Output only the lines below that start at the line containing "Julia & Paco, Beascoa, Begoña" and end at the line containing "Žuljaju me cipele, a", with both ends kept.

*PROVIDED INFORMATION*:
────────────────
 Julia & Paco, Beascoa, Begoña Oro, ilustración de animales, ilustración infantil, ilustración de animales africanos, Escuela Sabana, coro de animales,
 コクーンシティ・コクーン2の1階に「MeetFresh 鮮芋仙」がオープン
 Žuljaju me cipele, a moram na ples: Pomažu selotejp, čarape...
────────────────
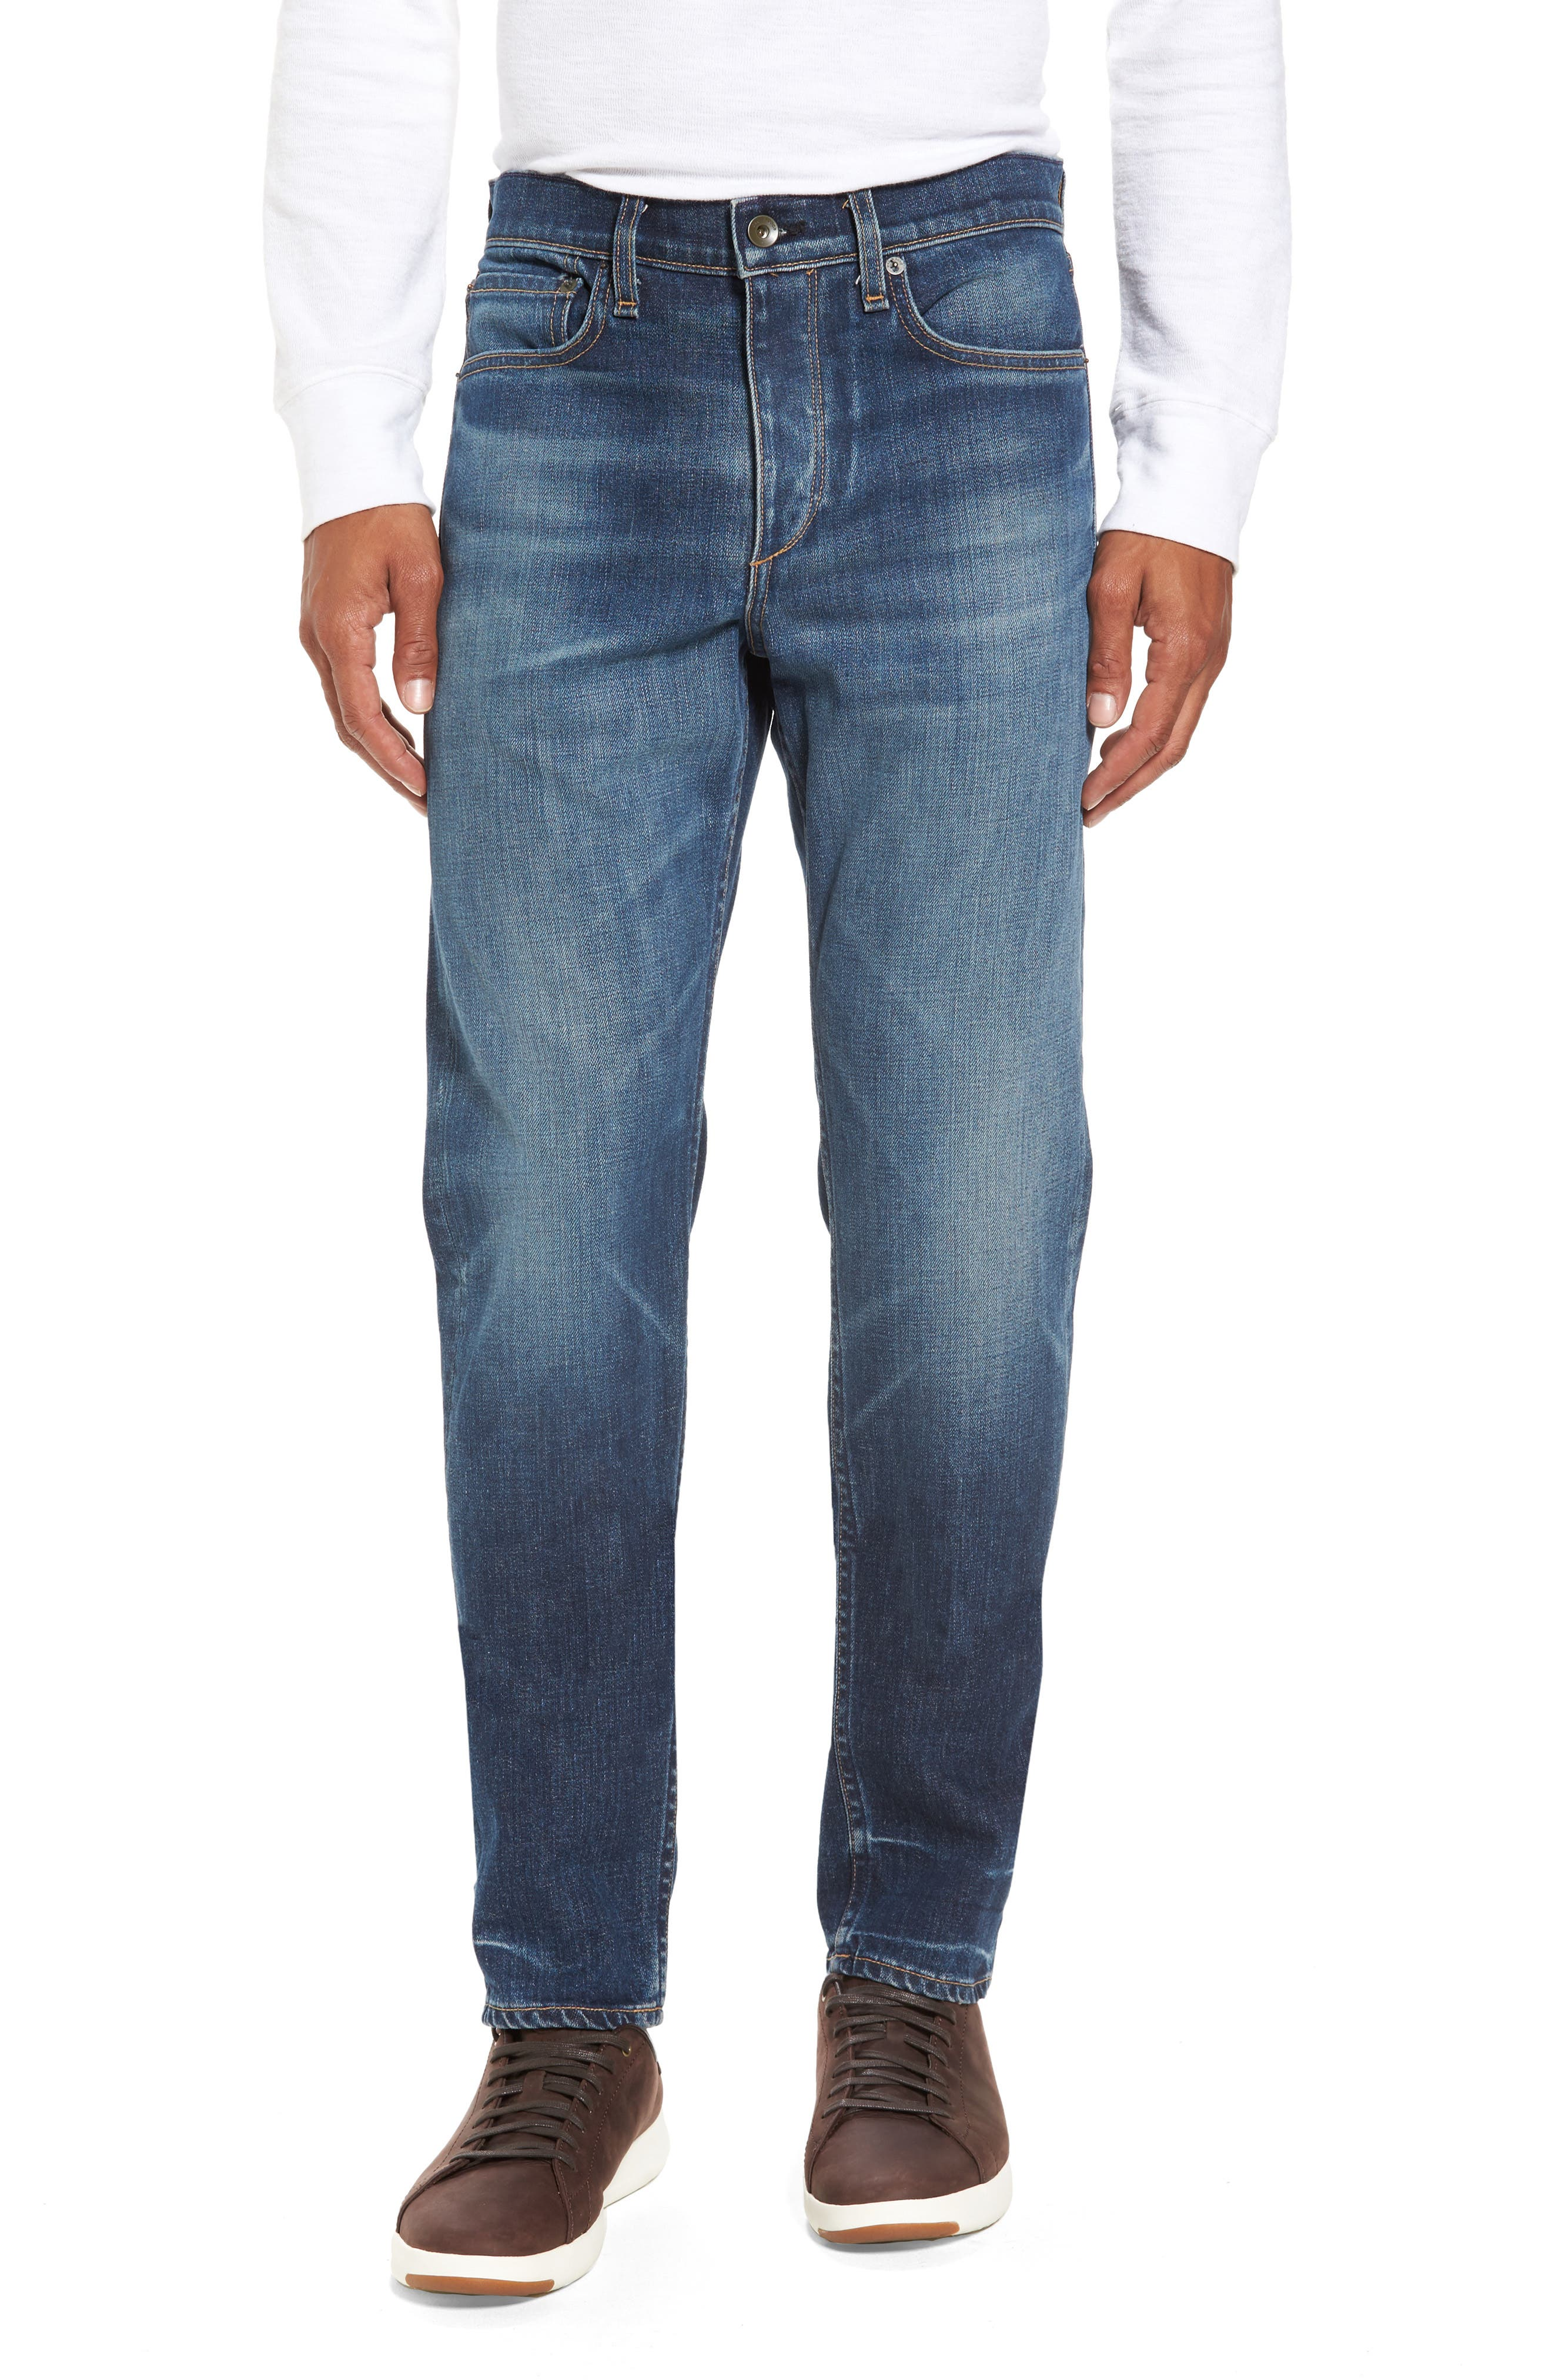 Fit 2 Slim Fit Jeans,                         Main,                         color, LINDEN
────────────────
*ANSWER SECTION*:
 Julia & Paco, Beascoa, Begoña Oro, ilustración de animales, ilustración infantil, ilustración de animales africanos, Escuela Sabana, coro de animales,
 コクーンシティ・コクーン2の1階に「MeetFresh 鮮芋仙」がオープン
 Žuljaju me cipele, a moram na ples: Pomažu selotejp, čarape...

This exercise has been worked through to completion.